Of London Dreams

I have this friend who spent a couple of years in London when she was at the university. A little less than 10 years later, she still reminisces about her years there. According to her, it was the best time of her life. Given a chance, I am sure she would gladly hop on a plane and go back for good. She has her London dreams – as many other people do, I am sure.

And speaking of London dreams, there is actually a movie titled the same. London Dreams is directed by renowned director Vipul Shah. Movie enthusiasts – especially those who have a particular affinity for Bollywood creations – would recognise this name as being behind the big hit Singh is Kinng. This movie is making history as it also launches a treaty between Bollywood and the British movie industry. The treaty will allow Indian film makers easy access to British resources if they wish to collaborate with British film makers. Though it may be an arguable point, many consider Bollywood and the British film industry to be only second to Hollywood.
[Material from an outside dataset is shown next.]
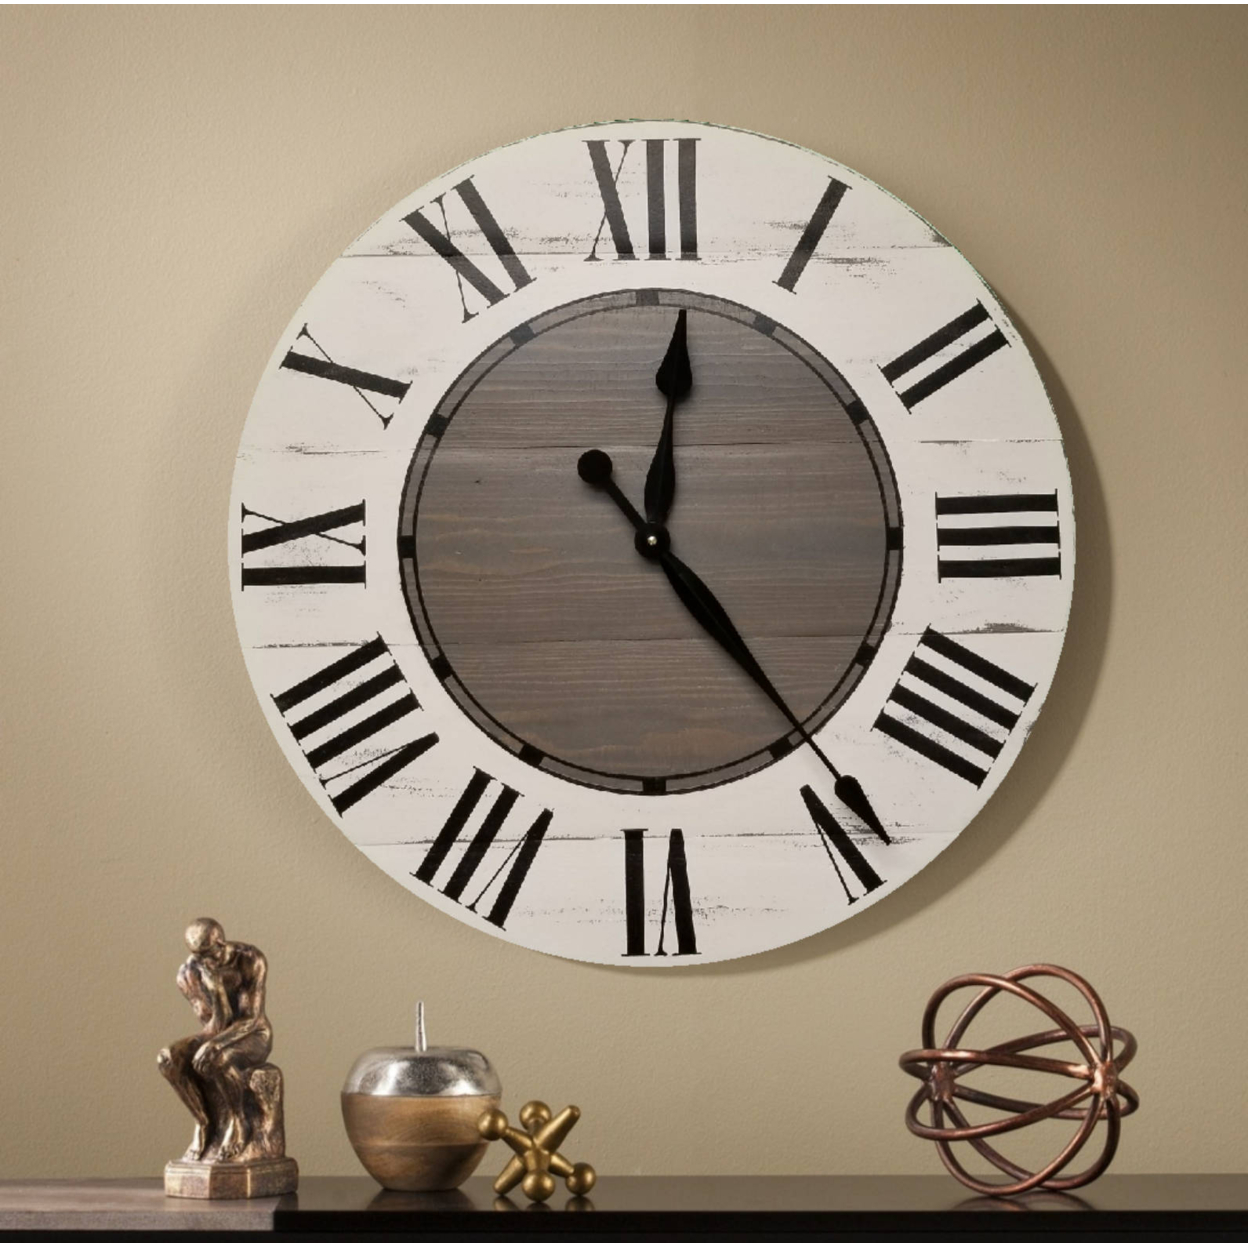 The Tovie Farmhouse clock - rustic clock - oversized wall clock - big clock - large clock - farmhouse decor - rustic decor - - 30 NCH

More on the treaty from NDTVMovies:

The British government’s department of culture said that without the treaty, co-productions would have to pass a “UK cultural test” to qualify for tax relief, adding: “Most would be unlikely to, particularly if they were in a non-Council of Europe language like Hindi or Tamil.”

“The treaty allows co-produced films to bypass this test. This means they are granted national status in both countries. And this means they can gain access to the new Britain tax relief – one of the most generous and competitive tax reliefs in the world,” a department spokesman said.

The treaty is also expected to support a range of spin-off businesses, including British-Indian suppliers, which support filmmakers with anything from costumes to caterers, British-Indian owned cinemas which are likely to show the films and the British tourist industry.

Follet pointed to the economic value of the treaty as Britain faces a recession, saying: “The wider your base, in an economically difficult time, the more resilient you’ll be.”

This will certainly revolutionise the Indian film industry and help them reach a broader audience than they have now. It is something to look forward to in the coming years, isn’t it?